Queries and Outputs:

  • getRoot() → 0
  • getParent(5) → 1
  • getChildren(0) → [1, 2, 3]
  • getChildren(1) → [4, 5]
  • getLeaves() → [3, 4, 5, 6]
  • getHeight() → 2

Explanation: Node 0 has no parent, so it is the root. Node 5's parent is node 1 (from edge [1,5]). Node 0 has three children: 1, 2, and 3. Nodes 3, 4, 5, and 6 have no children, making them leaves. The longest path from root to a leaf is 0→1→4 (or 0→1→5 or 0→2→6), which has 2 edges, so the height is 2.

Example 2

Input:

N = 4
edges = [[0,1], [1,2], [2,3]]

Tree structure (skewed / linear):

0 → 1 → 2 → 3

Queries and Outputs:

  • getRoot() → 0
  • getParent(2) → 1
  • getChildren(1) → [2]
  • getLeaves() → [3]
  • getHeight() → 3

Explanation: This is a skewed tree where every node except the last has exactly one child. The only leaf is node 3. The height equals 3 because the single root-to-leaf path 0→1→2→3 has 3 edges.

Example 3

Input:

N = 1
edges = []

Queries and Outputs:

  • getRoot() → 0
  • getChildren(0) → []
  • getLeaves() → [0]
  • getHeight() → 0

Explanation: A single-node tree has the root as its only node. Since the root has no children, it is also a leaf. The height is 0 because there are no edges at all.

Constraints

  • 1 ≤ N ≤ 10^5
  • The edges form a valid tree (connected, acyclic, exactly N-1 edges)
  • 0 ≤ node < N for all query arguments
  • Each node has at most N-1 children (general / N-ary tree)

Editorial

Brute Force

Intuition

The simplest way to represent a tree is with a parent array. Imagine you have a class register and the only thing you write down for each student is the name of their direct supervisor. That single column of information — 'who is my parent?' — is enough to reconstruct the entire tree.

We create an array parent of size N where parent[i] stores the parent of node i. The root has no parent, so we mark it as -1.

This representation makes it trivial to look up any node's parent (just read the array), but answering other questions becomes cumbersome.

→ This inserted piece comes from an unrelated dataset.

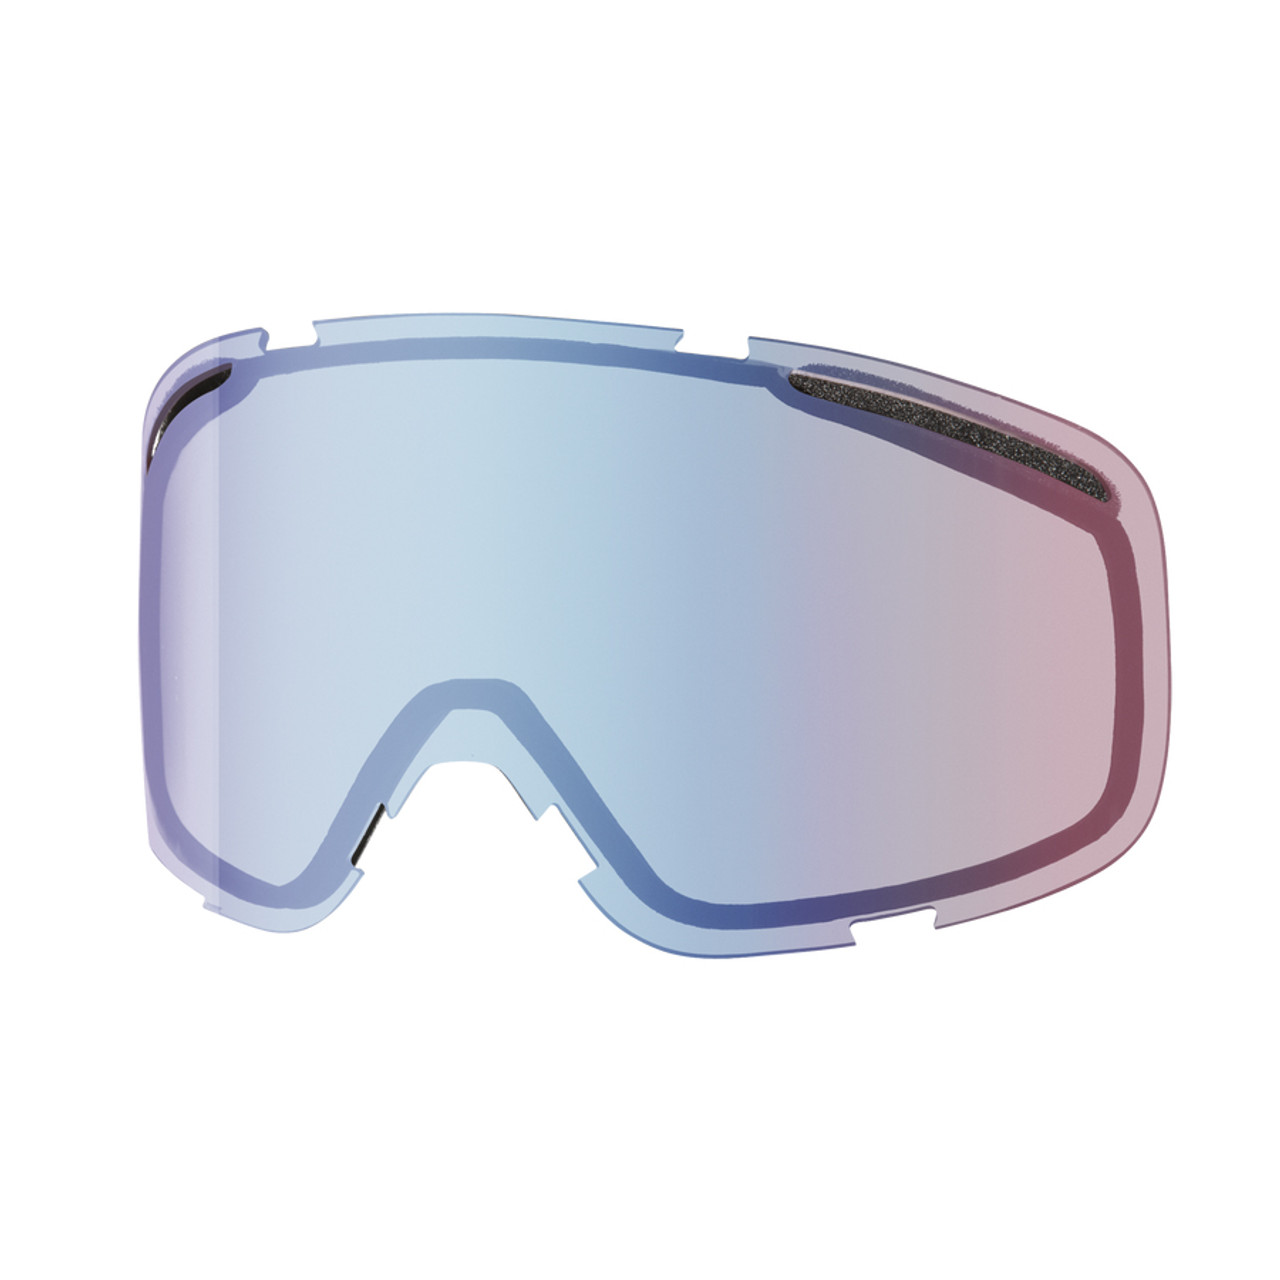 Blue Sensor Mirror - Smith Vogue Replacement Lenses

For example, to find the children of a node, you have no direct way — you must scan the entire parent array and collect every node that lists the target as its parent. Similarly, finding leaves requires checking, for every single node, whether anyone else claims it as a parent — a doubly-nested scan.

Step-by-Step Explanation

Let us trace the getChildren(0) operation on the tree from Example 1.

First, we build the parent array from edges [[0,1],[0,2],[0,3],[1,4],[1,5],[2,6]]:

parent = [-1, 0, 0, 0, 1, 1, 2]

(Index 0 has parent -1 because it is the root.)

Now, to find children of node 0, we scan every index and check if parent[i] == 0:

Step 1: Initialize scan. We have parent = [-1, 0, 0, 0, 1, 1, 2] and target node = 0. Result list is empty.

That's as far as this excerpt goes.